In its treated form, A Humument tells the often amorous tale of ‘Toge’ (who can only appear when the novel uses either the word ‘together’ or ‘altogether.’) The sheer amount of care taken to transform each page, and the beauty of the language, which often makes oblique sense as fragments of poetry, makes it one of those meisterwerks whose founding ideas are so simple, yet whose execution is meticulous.
Philips only ever worked on his project at night, unsure whether it was a folly. However, it has since become a cult, especially in France (where people like la vie amoureuse, perhaps).
I’ve recently started a course with Roddy Lumsden at the Poetry School on Form&Music as a spur to my own writing in form. This has worked, in so far as I have written a few conventional sonnets. However, for this week (week 4), we’ve each been asked to bring in an ‘unconventional’ sonnet of their own. Fresh with my exposure to A Humument I took an oblique conventional sonnet of my own about losing the sight in one eye, and began blocking out words to find patterns in the text. This is what I came up with:
It was a collection of monosyllables with vowel sounds: ‘o’, ‘eep,’ ‘ou’ (x4), ‘igh’ (x3) and ‘I’ (x3), and some monosyllabic ‘l’ sounds: ‘le’, ‘li,’ ‘la,’ ‘il,’ ‘el,’ ‘ol’ (which reminded me of ‘La Ilah Ila Allah’ – ‘there is no God but Allah’). I then thought the existing phrase ‘Lost my bearings’ fitted with this text well.
However, although I liked the sounds when I read them aloud, I thought it was doing too much. So I split it into two pieces:
I liked the latter better. This would do for my unconventional sonnet, I thought. However, having opened up the text, as it were, I realised there was a lot more going on (and it was fun!). The next close look revealed this:
I liked how the blocked out words resembled clouds out of which things were revealed. The ‘wo’ and ‘aw’ sounds seem to register pain at being ‘lost’ in the previous piece. While doing this I noticed the five ‘we’s in the text, which I would use later, and also that three of the capitals spelt the word ‘SON’:
There was a pun of sorts, with the SON revealing itself from behind clouds. I began hunting for other members of the family. I found:
I thought that the ‘we’ piece would fit well coming either before or after this list of family members:
It was at about this point that I realised my unconventional sonnet would comprise 14 of these treatments of the original poem. The sonnet perhaps lends itself to pictorial play, as readers of Don Patterson’s introduction to 101 Sonnets, with its comparison to the golden ratio, will be familiar. My sonnet also has a clear visual break into two halves, hinging on the word ‘Now.’ Given the fact that the subject of the poem is eyes, it is not surprising that I found themes of doubling and darkness in my ‘treatments’.
My next page was a contrast of adjectives and nouns –
The next two worked well together, as many facing pieces in A Humument do.
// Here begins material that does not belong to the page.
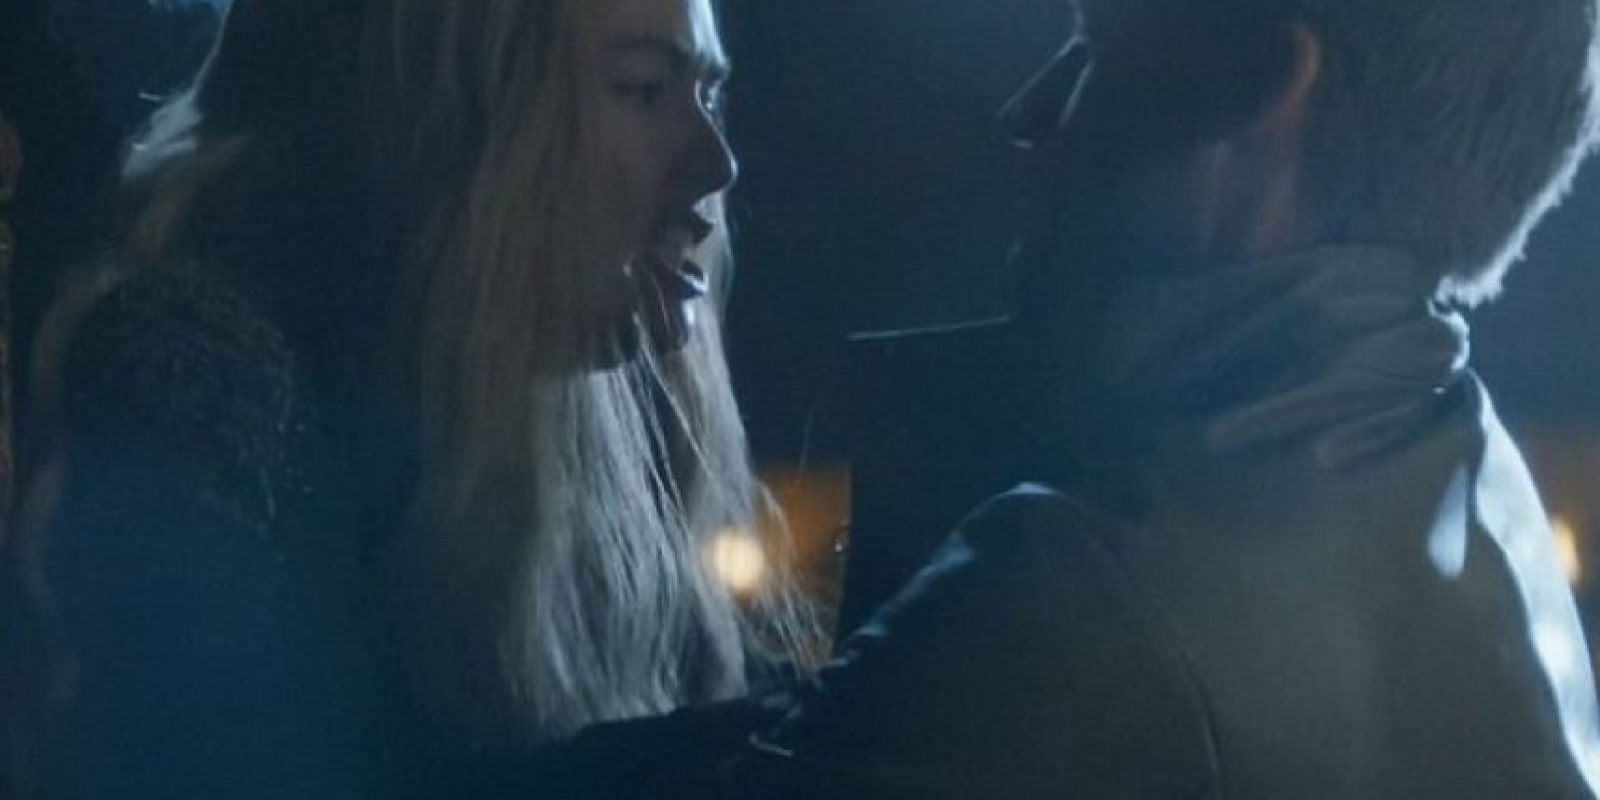 """9. En el funeral de """"Joffrey"""", sus padres, """"Cersei"""" y """"Jaime"""", que también son hermanos, tienen sexo salvaje al frente de su cadáver. Ella se resiste. Foto:vía HBO"""

This latter was in full Tom Philips mode, and I was amazed to find it. How was I going to do six more?
For number nine, I blocked out the second half of the poem (fitting the title ‘One Pane’) imagining a second counterpart poem. However, it didn’t need one in the end, as it seemed to suggest its counterpart already.
The next three took the most trouble – I chopped the poem into words (NOTE always increase the font size before doing something like this, or you will go mad!) and followed the Burroughs method of rearranging the words into new forms. This made three ‘new’ poems.
I wanted to use every word of the original poem, so the title ‘One’ has a few addenda, and four words/pieces of paper were reversed and used as speech marks in the final piece.
That was enough for the evening, so I slept, thinking I’d broken the back of it.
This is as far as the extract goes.